I numeri delineano un quadro allarmante. La plastica costituisce il 97% dei rifiuti rinvenuti sulle spiagge, ma la sua composizione non è uniforme. In particolare, imballaggi alimentari, tappi, coperchi e bottiglie di plastica figurano tra gli articoli più comuni in oltre la metà di tutti i Paesi analizzati.

I principali “colpevoli” sulle nostre spiagge

Oltre al settore alimentare, la ricerca ha identificato altre categorie di rifiuti onnipresenti. I primi sono i sacchetti di plastica, i quali risultano tra sul podio degli inquinanti nel 39% delle nazioni, con una presenza particolarmente marcata nelle regioni asiatiche. A seguire, i mozziconi di sigaretta dominano il 38% delle coste, con l’Europa che detiene il triste primato (24% dei rifiuti principali). Al terzo posto, le attrezzature da pesca e spedizione rappresentano la minaccia principale nel 34% dei casi, concentrandosi soprattutto nelle aree polari. Chiudono il polistirolo espanso e le schiume, rilevati come inquinanti primari nel 27% delle nazioni.

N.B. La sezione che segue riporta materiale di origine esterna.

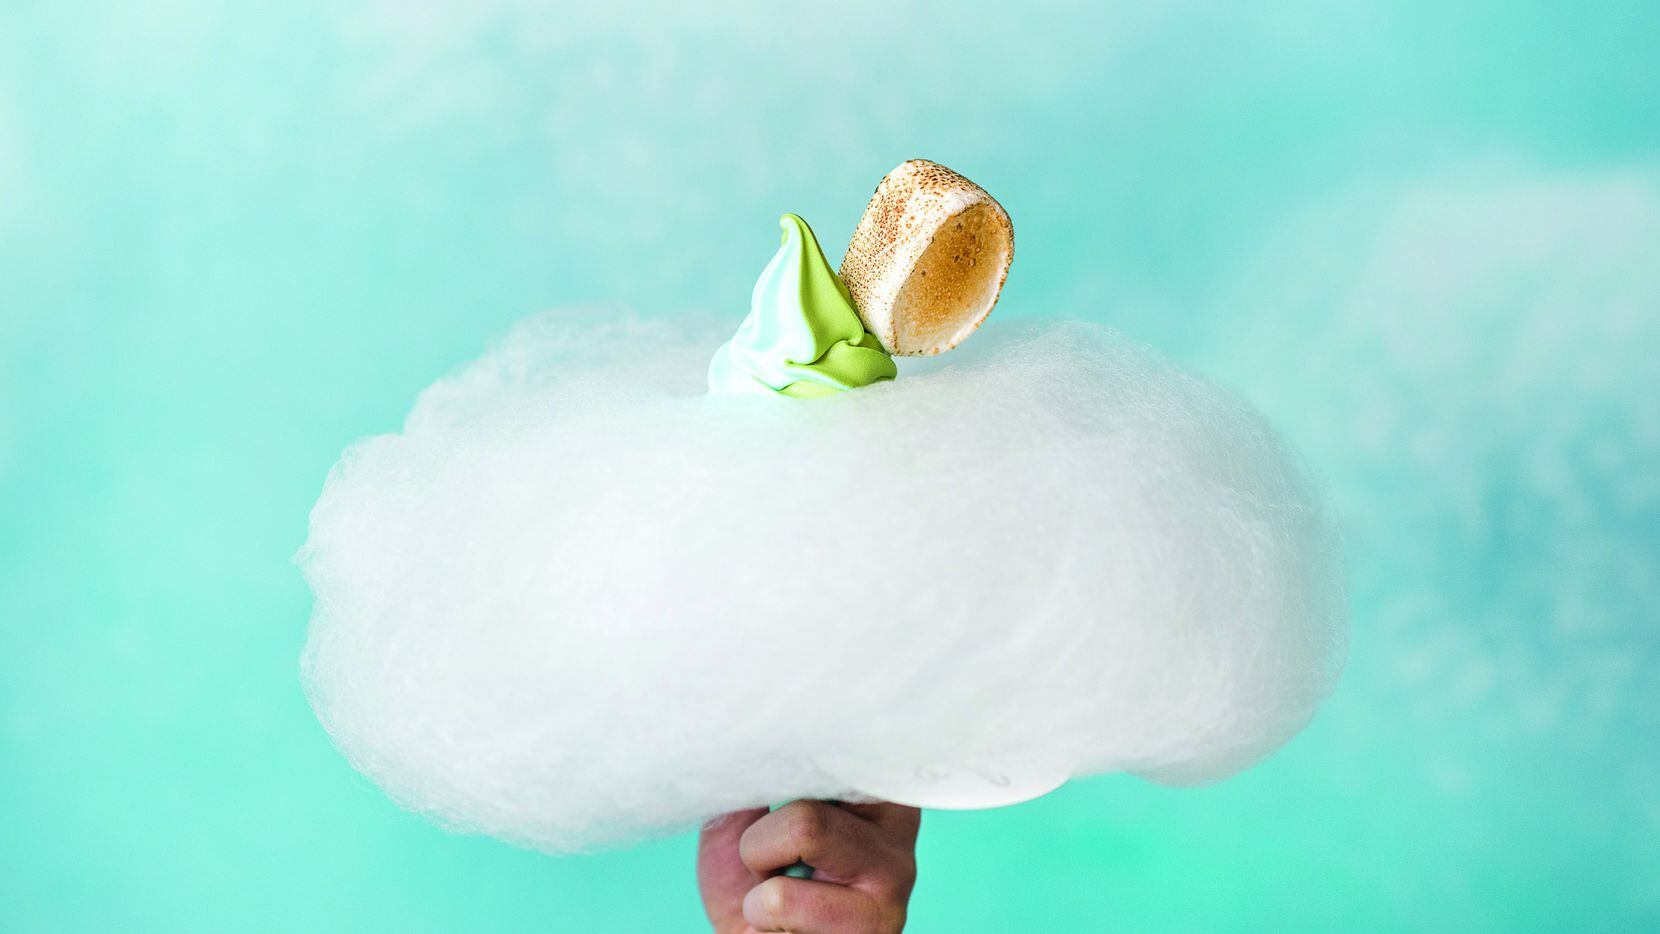 At Aqua S in Victory Park, you can get ice cream that is served on a cloud of hand spun...

Geografie dei rifiuti: dai poli alle comunità isolate

Lo studio evidenzia come la geografia e la densità di popolazione influenzino il tipo di plastica che finisce in mare. Nelle regioni remote dell’Artico e dell’Antartide, dove la popolazione è scarsa, a dominare sono le attrezzature da pesca (fino al 56% dei rifiuti principali) e le bottiglie di plastica, che possono viaggiare per enormi distanze trasportate dalle correnti oceaniche.

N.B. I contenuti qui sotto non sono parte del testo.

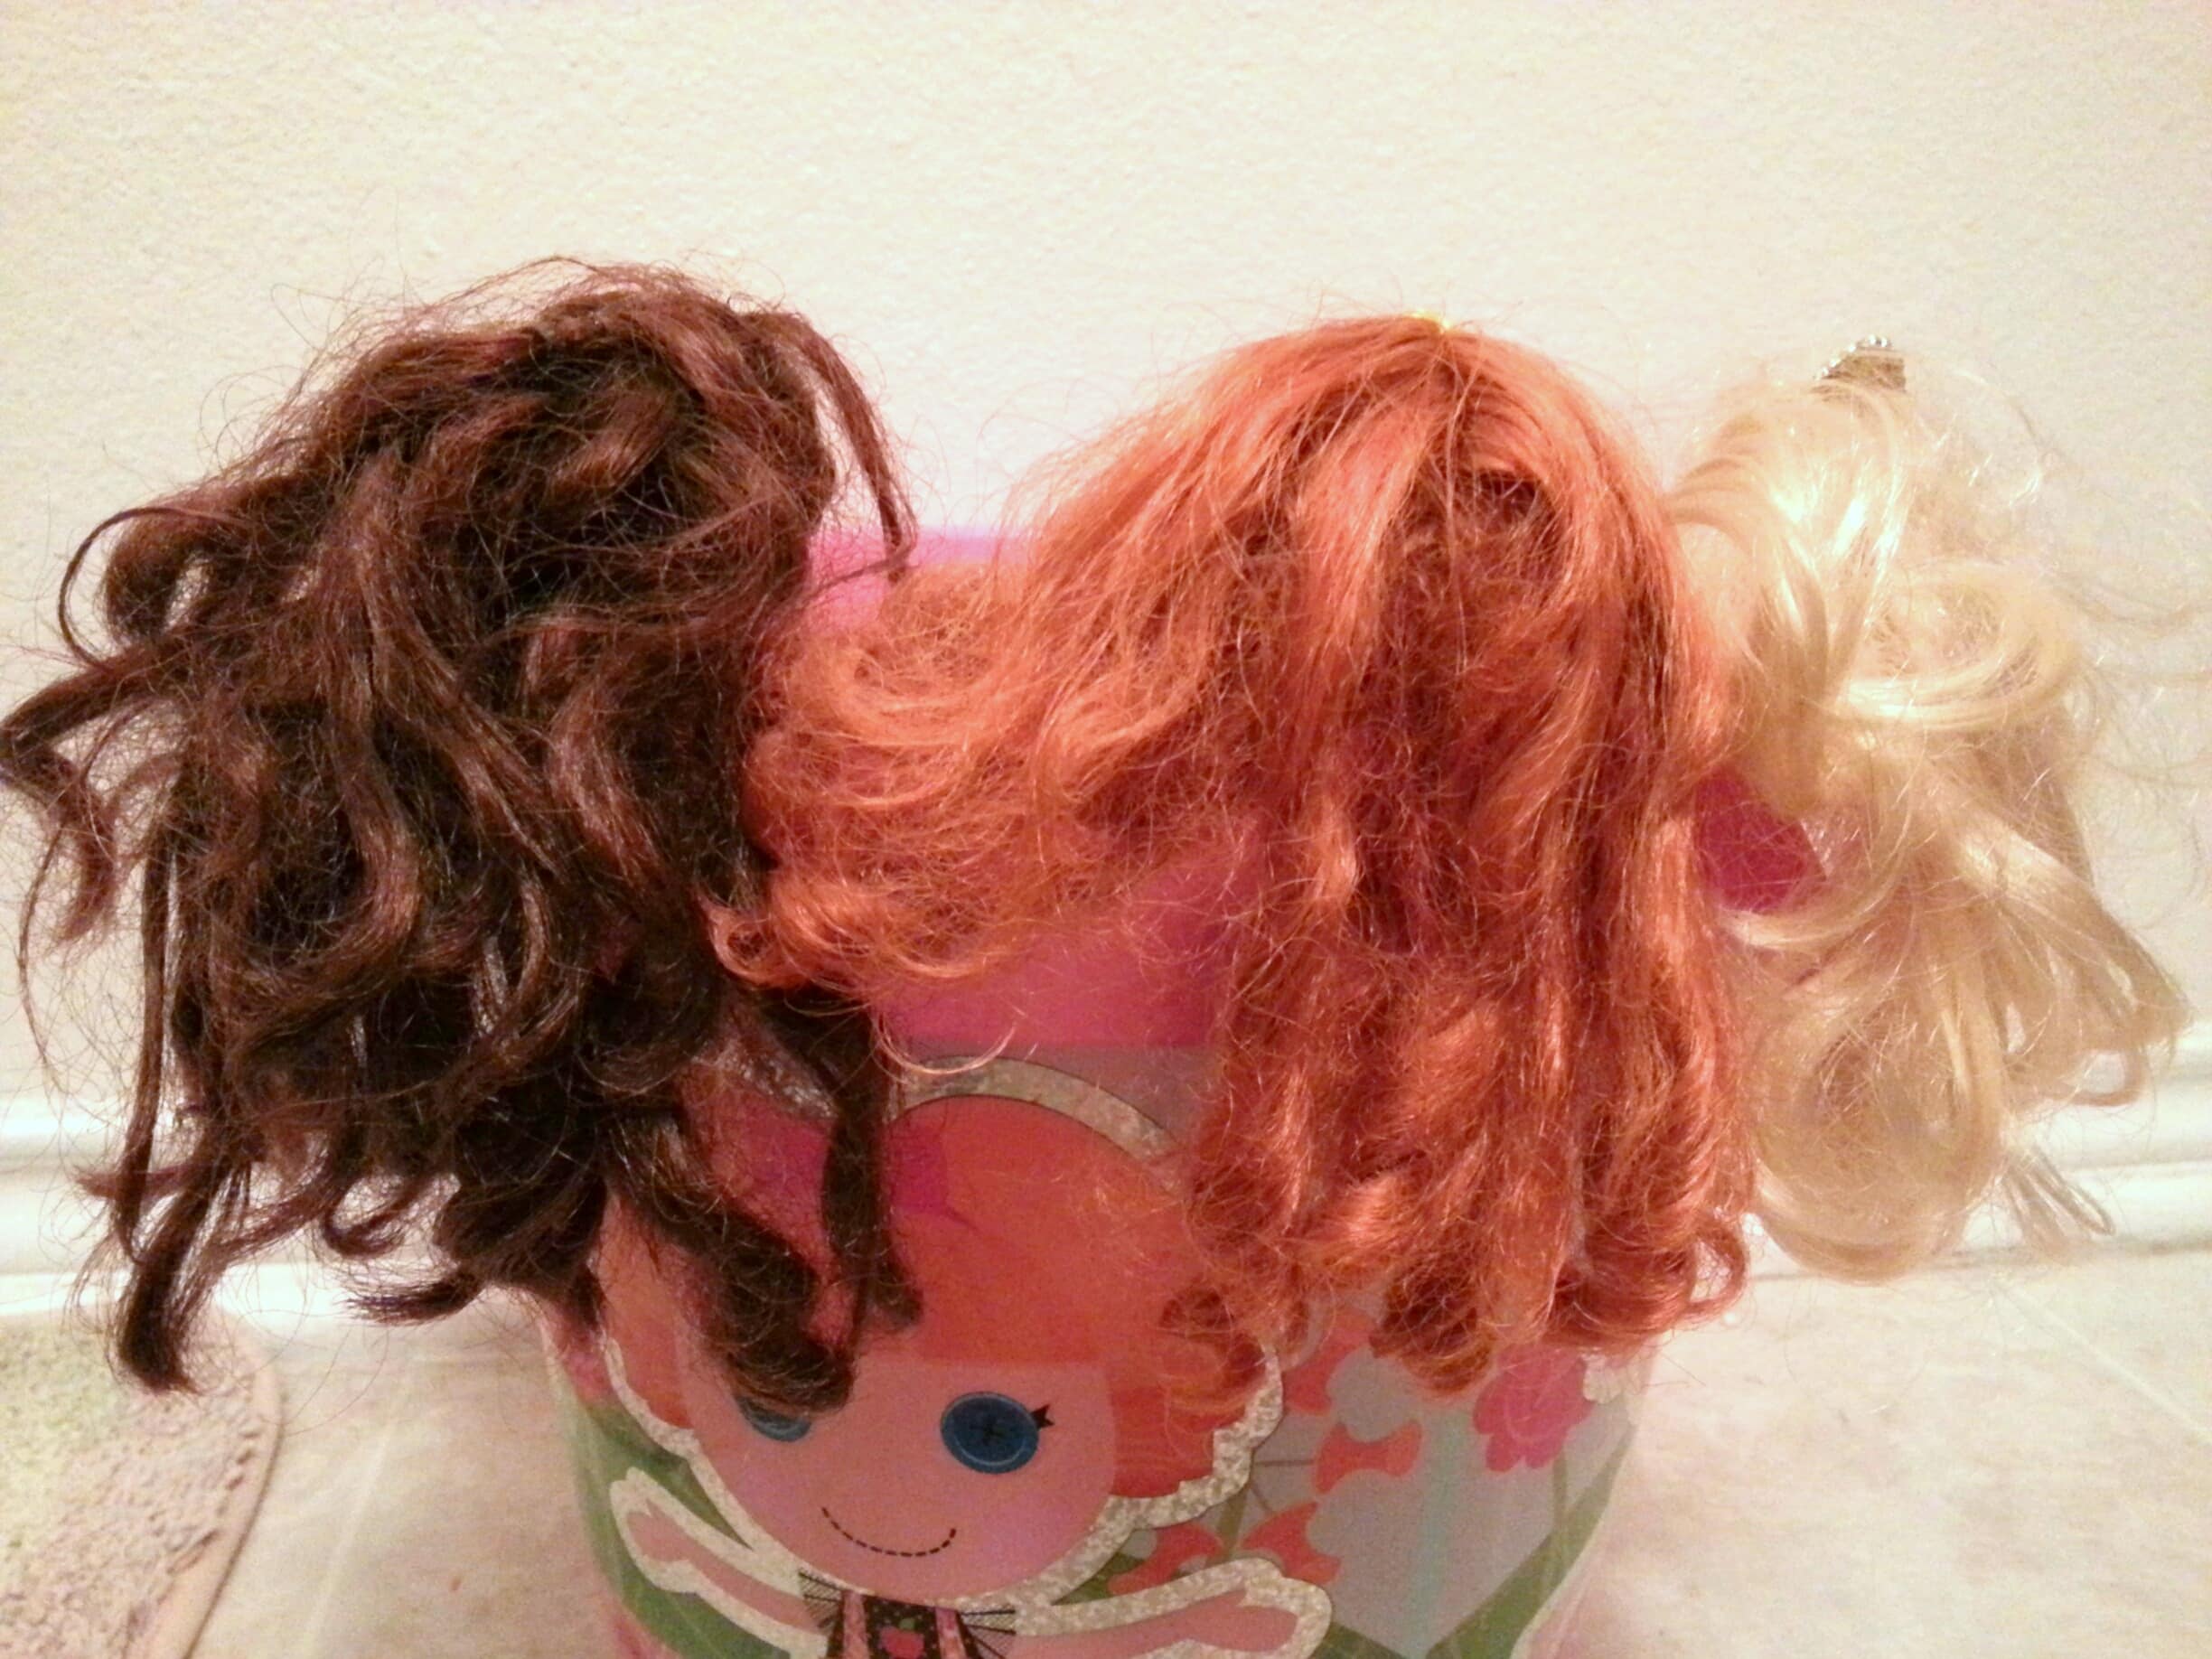 How to make doll hair, Easy doll hair pattern, Comb able hair for styling

Al contrario, nelle zone più popolate, la prevalenza del settore alimentare è schiacciante. È interessante notare la differenza tra l’Artico e l’Antartide: nel primo, la presenza di imballaggi alimentari riflette le necessità di piccole comunità isolate con scarsi sistemi di gestione dei rifiuti; nel secondo, i rigidi protocolli delle stazioni di ricerca hanno quasi azzerato questa tipologia di inquinamento, lasciando spazio solo ai rifiuti trasportati dal largo.

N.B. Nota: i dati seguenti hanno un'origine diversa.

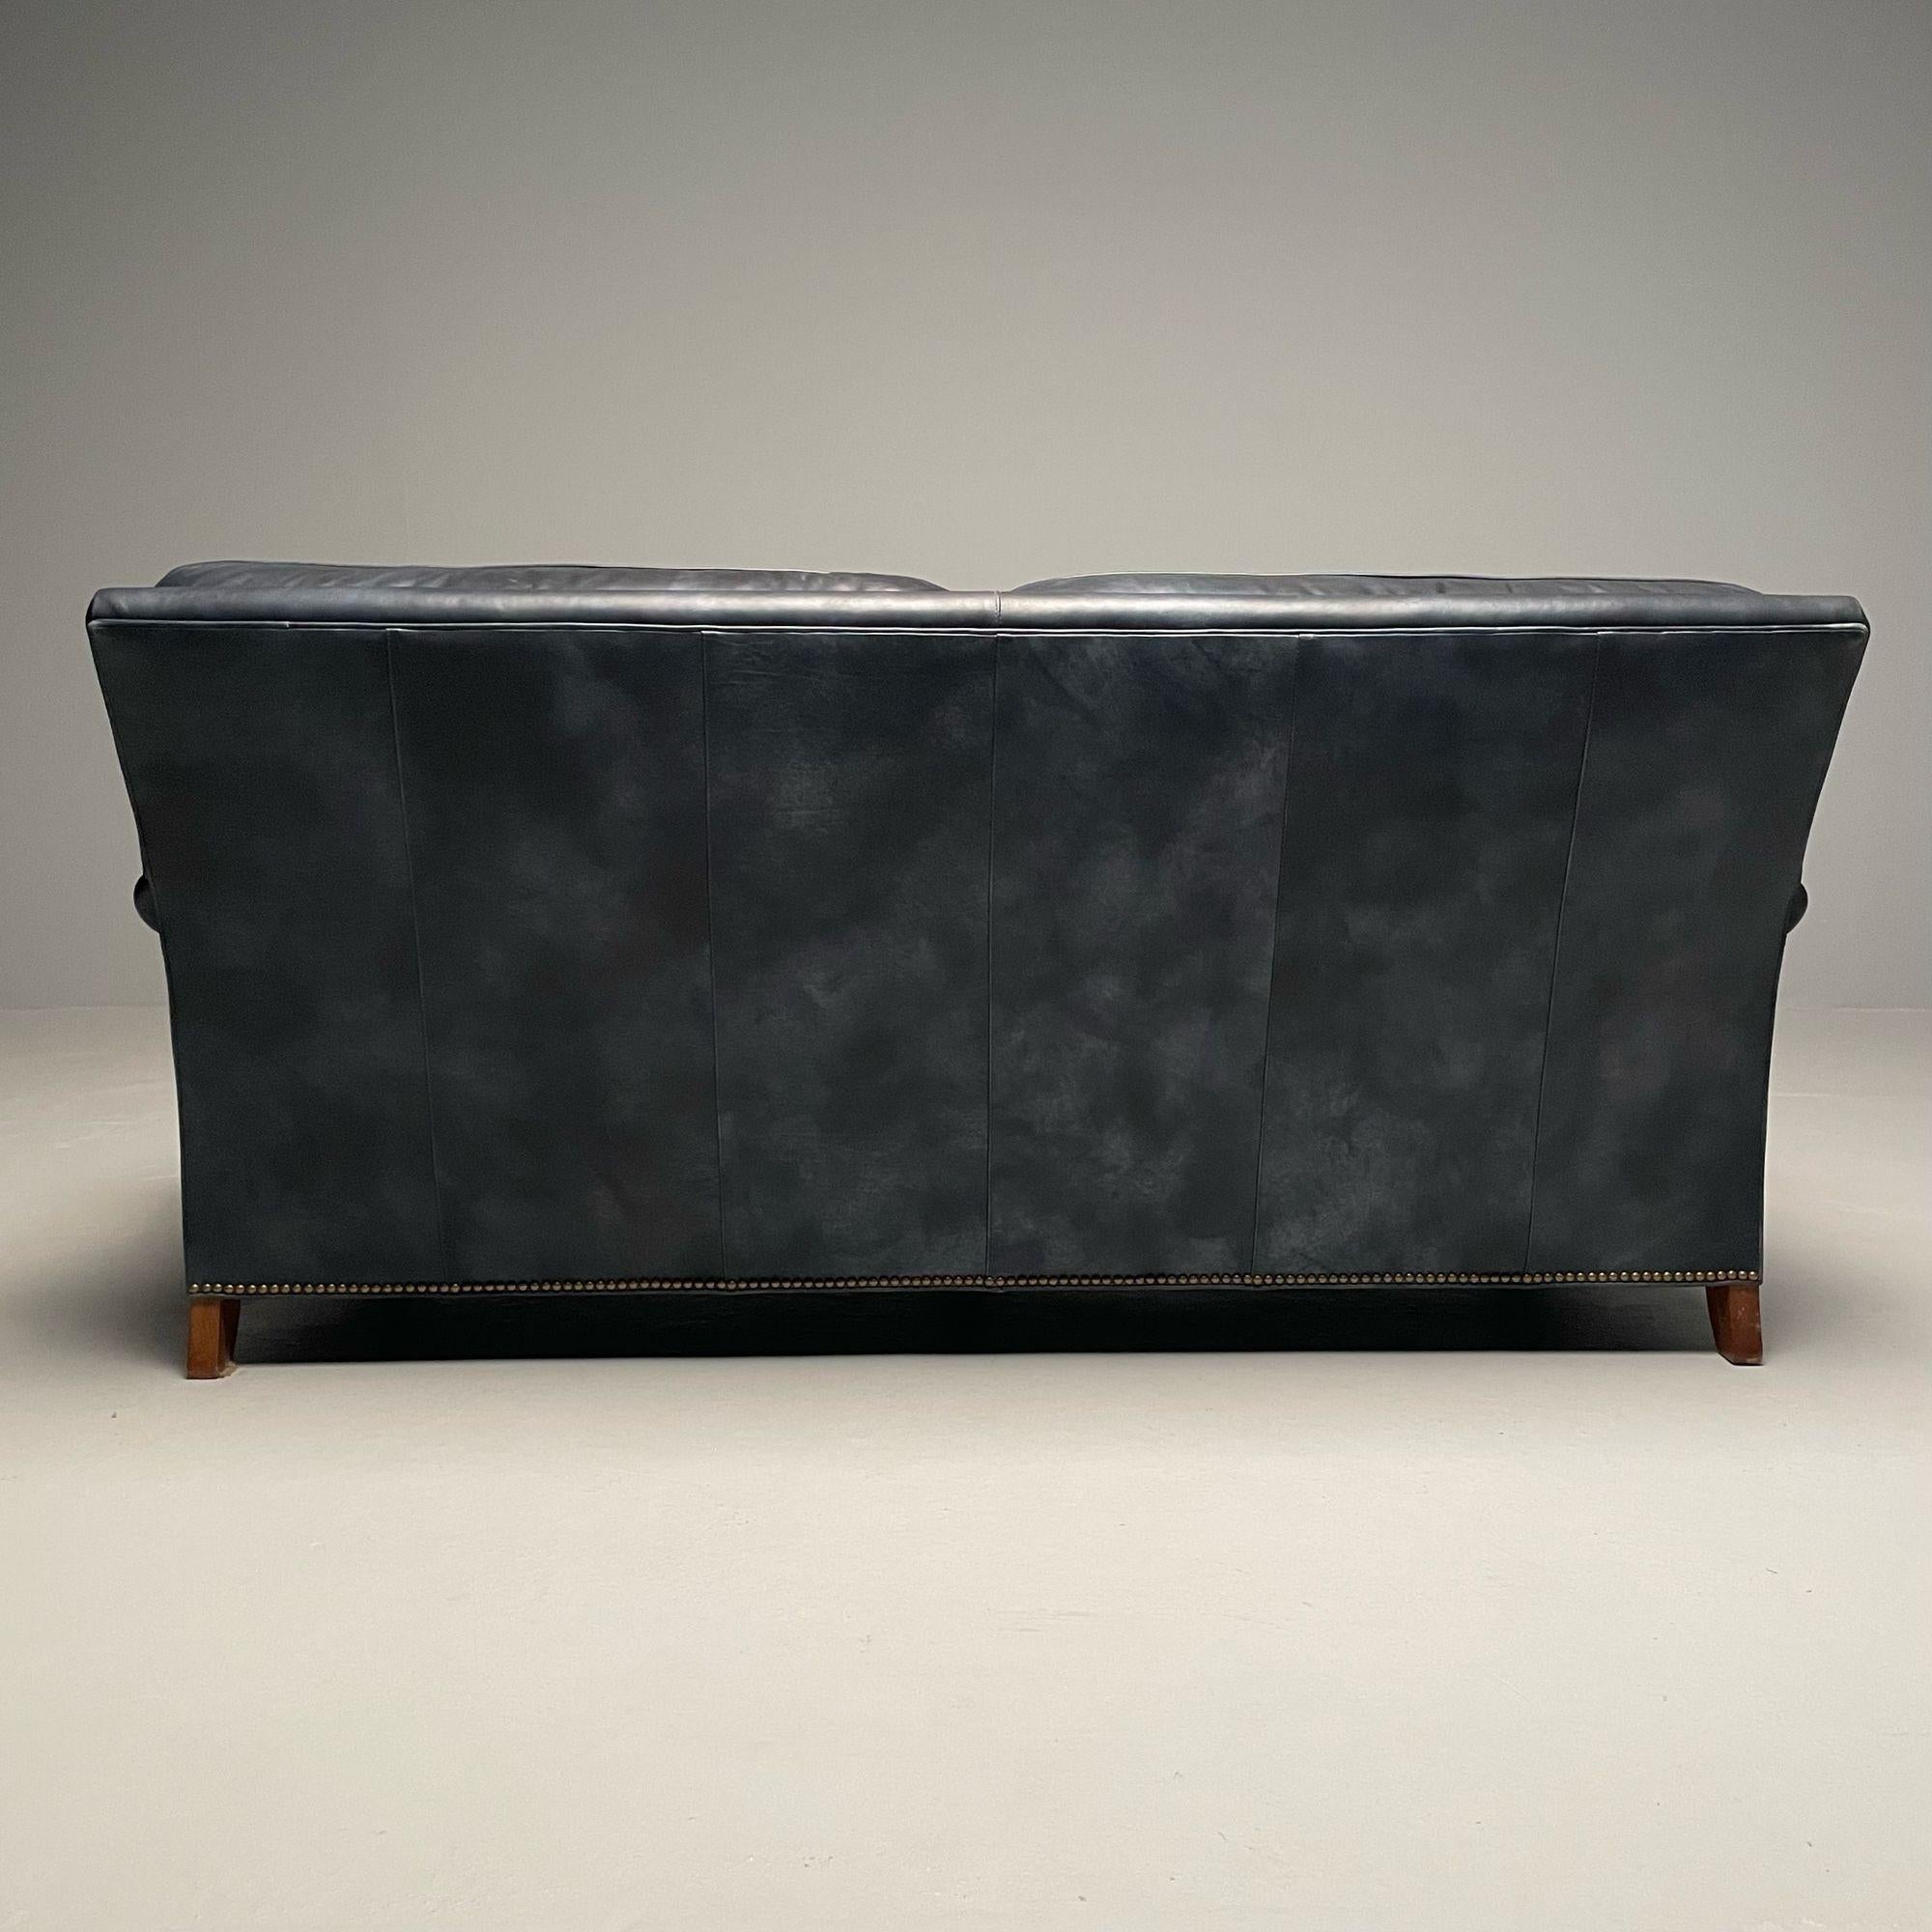 Hancock and Moore, Georgian Scroll Arm Sofa, Dark Blue Distressed Leather, 2000s For Sale 7

Una sfida alla produzione, non solo al riciclo

Secondo gli autori della ricerca, Max Richard Kelly e Richard Charles Thompson, i dati dimostrano un legame diretto tra i volumi di produzione e l’inquinamento ambientale. Con una produzione annua di plastica di 460 milioni di tonnellate (destinata a raddoppiare entro il 2040), i ricercatori sostengono che la sola gestione dei rifiuti non sia più sufficiente.

“I risultati indicano la necessità di interventi mirati ‘a monte'”, si legge nel documento, suggerendo che le strategie debbano focalizzarsi sulla riduzione della produzione di plastica a vita breve e su cambiamenti nel design dei prodotti. Il messaggio è chiaro: per salvare i mari, non basta pulire le spiagge; è necessario che i trattati internazionali, come l’imminente Trattato Globale sulla Plastica delle Nazioni Unite, includano misure vincolanti contro gli imballaggi monouso e non necessari.

Il valore della scienza nel processo decisionale

Per superare la frammentazione dei dati locali, il team ha utilizzato tecniche statistiche avanzate per garantire un alto livello di confidenza nei risultati, specialmente nelle nazioni più popolose come India, Cina e Stati Uniti. Questo approccio fornisce ai governi la base scientifica necessaria per passare da soluzioni “taglia unica” a legislazioni mirate.

In conclusione, la ricerca non lascia spazio a dubbi: il consumo “mordi e fuggi” della nostra società sta lasciando una ferita indelebile sui litorali di tutto il mondo. Secondo i ricercatori, la soluzione, ora più che mai, deve partire dalla tavola e dalle aziende che producono ciò che beviamo e mangiamo.